Does any bodt know of any other forum with a specific Altima SE R posting section?


----------



## mf05ser (Jan 15, 2007)

Nissanforums.com is a joke


----------



## BigJeff26 (Apr 6, 2007)

i kno...no one talks.... ..


ever 







no really ..




NEVER


----------



## FatBoy4 (May 12, 2002)

nissanclub.com has more of a following for the altima ser


----------



## Altima_SE-R (Feb 15, 2007)

I use nissanclub. Its a pretty good site. I use it to compair info. NPM forum is almost extinct.

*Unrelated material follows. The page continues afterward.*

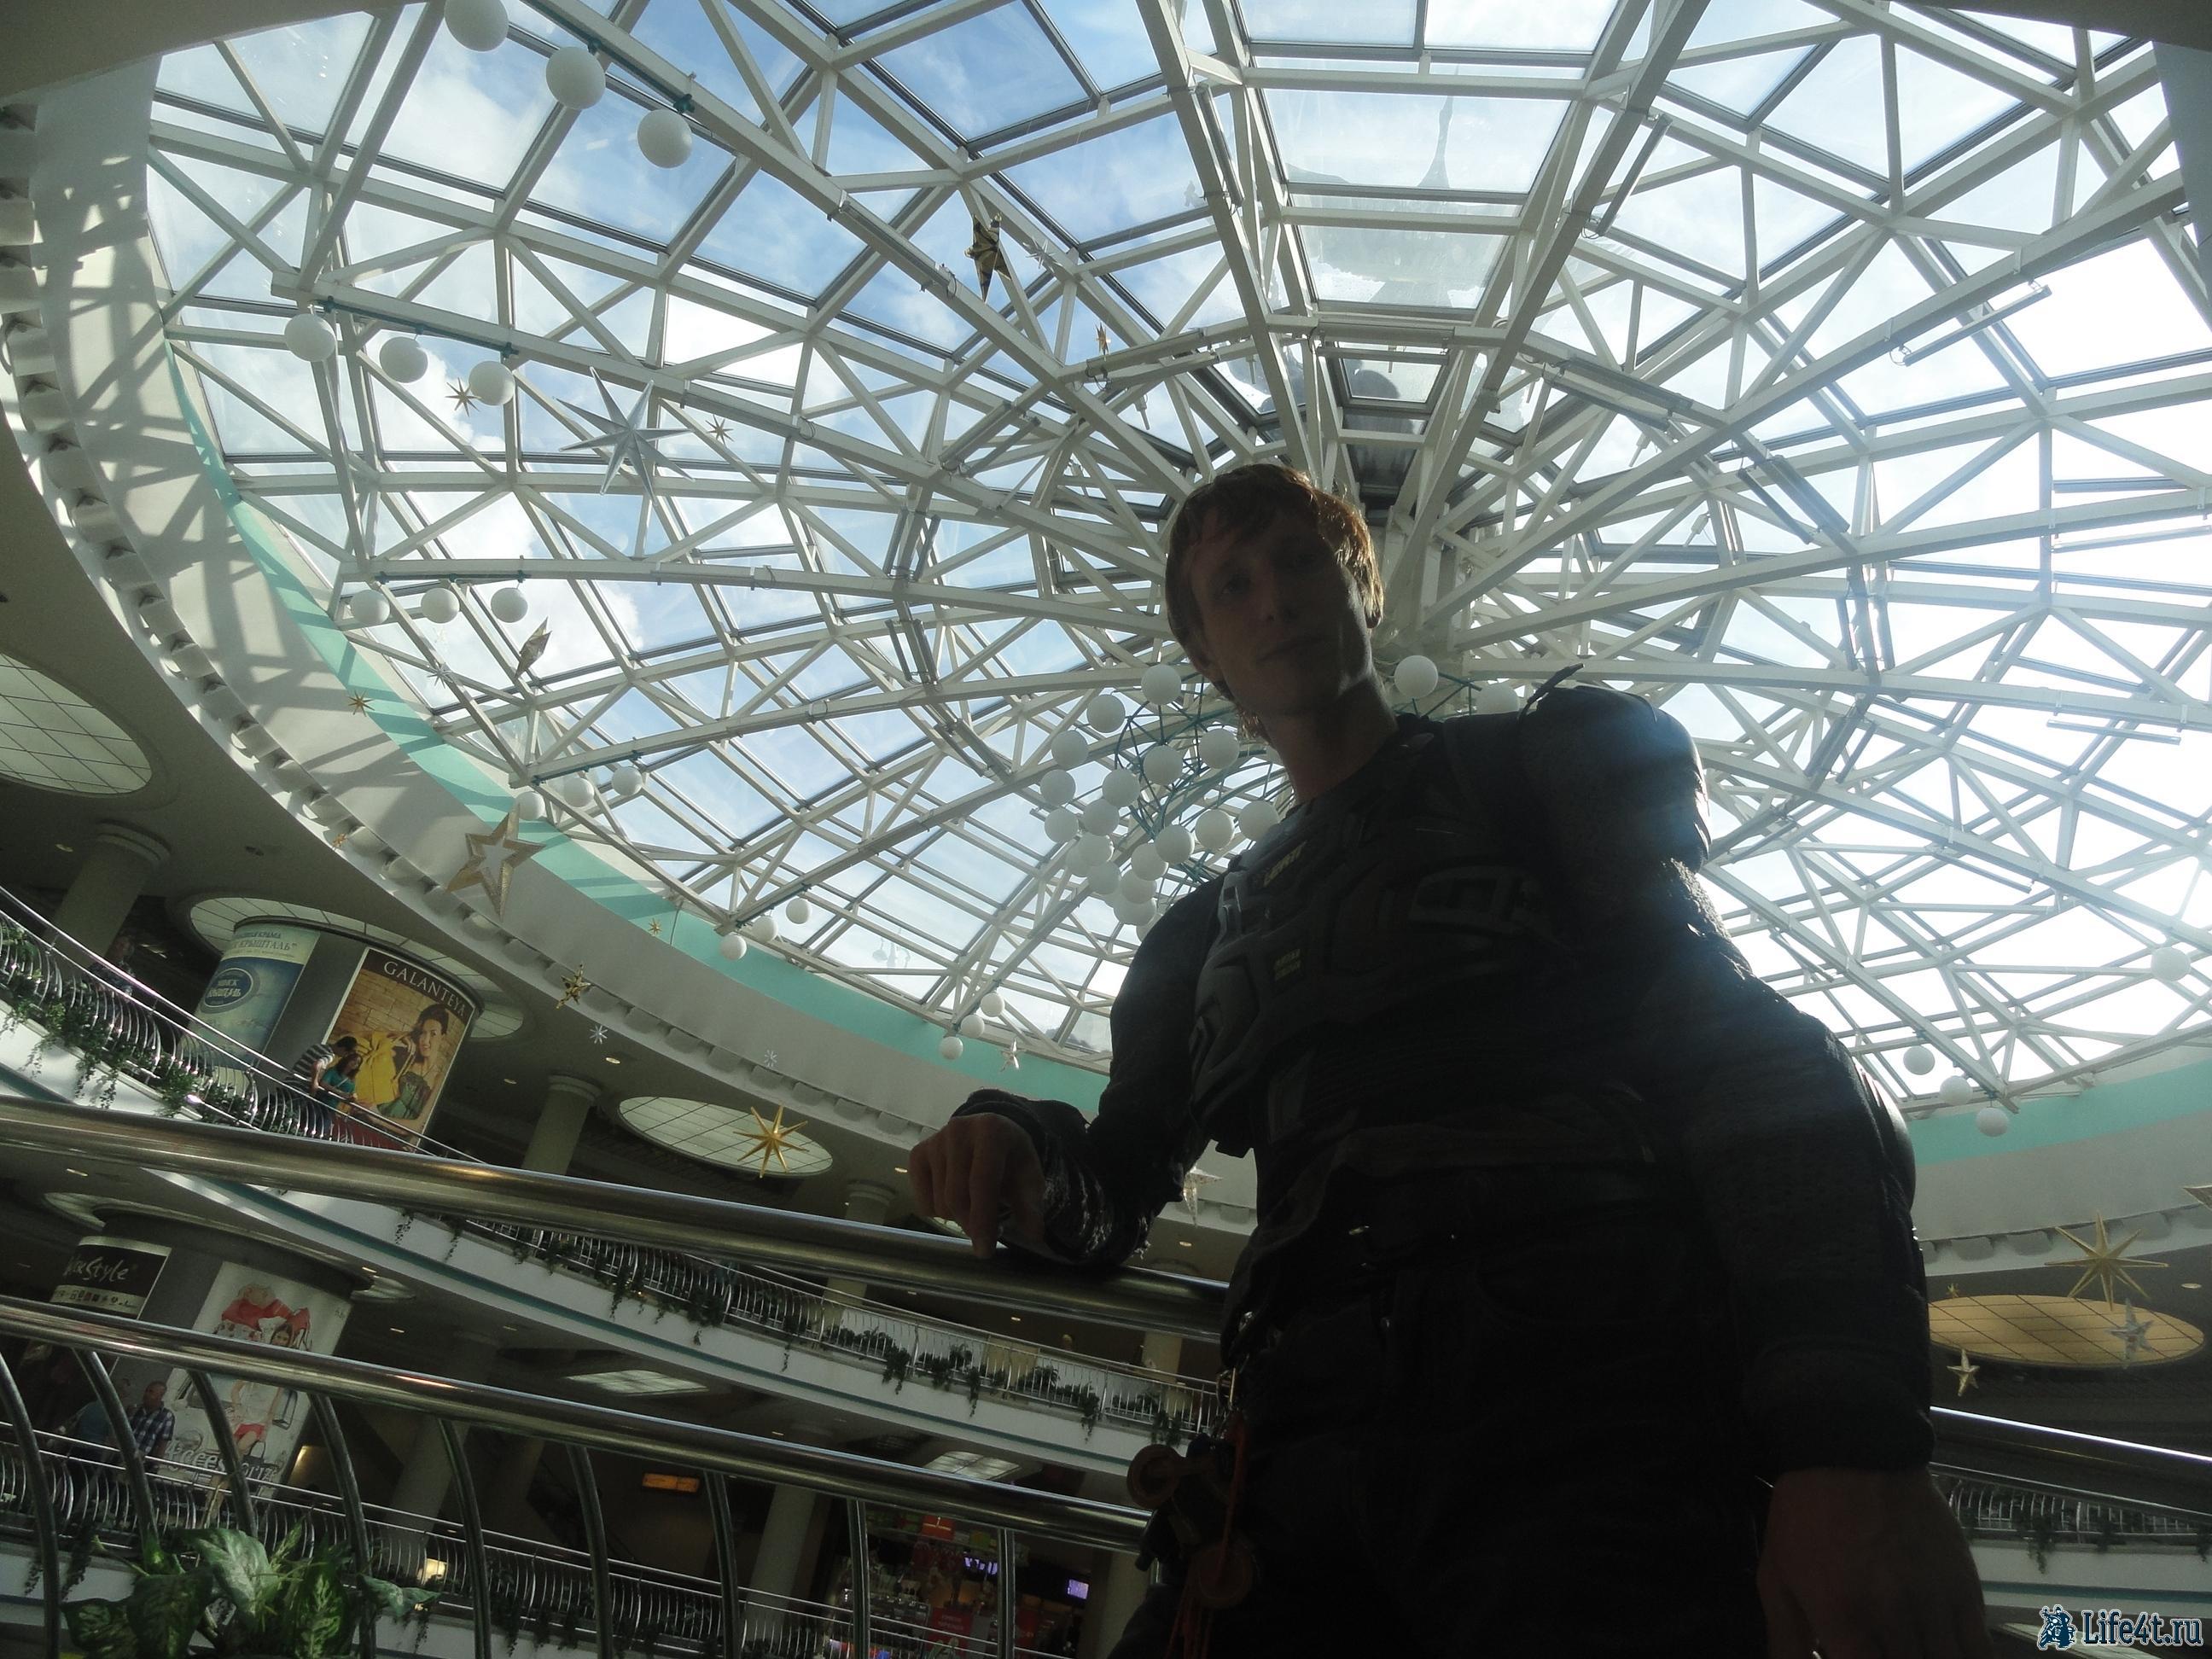 Мотопутешествие 2014 Россия, Казахстан, Абхазия, Беларусь

Wait a week for a response... not good for the members or enthusiasts like me


----------



## mf05ser (Jan 15, 2007)

yeah me too. i was on stangnet just to see how the forums are and there amazing.a gud had like 20 responses the same day he wrote it


----------



## mf05ser (Jan 15, 2007)

thanks fatboy and altima ser. Just checked it out exactly what im lookin for. but dont worry im not abandoning nissan forums


----------



## Asleep (Jan 19, 2003)

depends which forum youre in. the altima se-r is not exactly the most popular car that nissan makes no matter what the elitist 3rd gen se-r boys think. 
this thread is gay.


----------



## mf05ser (Jan 15, 2007)

dude any part of tis site i go to is dead


----------



## mf05ser (Jan 15, 2007)

asleep altima aint the word. nissanclub seems a little better just a little


----------



## Asleep (Jan 19, 2003)

then youre not hitting "new posts". theres a lot of action in the HB, Xterra, 240 and b13-15 forums at any one time. this site doesnt cater to altimas, plain and simple. there are a few of us that enjoy our altimas and will answer questions about them, but they just arent that big here. the reason they are big over at nissanclub is because it used to be named _altimas.net_. ask me how i know.


----------



## Divo25 (Jan 3, 2007)

all the forums are kicking every where else, dont jump on the site for slow se-r posts, better luck else where bro!


----------



## 2dr_Sentra (Dec 10, 2005)

This forum isnt that hot anymore. I still post sometimes, But Altima SE-R's havent been out that long, you might wanna try some Maxima forums or something else with the 3.5L motor. I remember when this forum was jumping 24/7 a long ass time ago. Wish it still was.


----------



## FatBoy4 (May 12, 2002)

If i have question on my sentra I come here, If i have question for my alty se-r I goto nissanclub... This forum has alot of useful info but its not catered to all cars... Just like nissanclub is not catered to all cars...


----------



## mf05ser (Jan 15, 2007)

Five days and not one post. Where is every body?


----------



## Asleep (Jan 19, 2003)

theyre in the other forums. why would anyone want to continue to post in this thread?
its a go nowhere thread any way you look at it.


----------



## mf05ser (Jan 15, 2007)

2 weeks and nothing?


----------



## Asleep (Jan 19, 2003)

not in this thread - why would anyone post here?


----------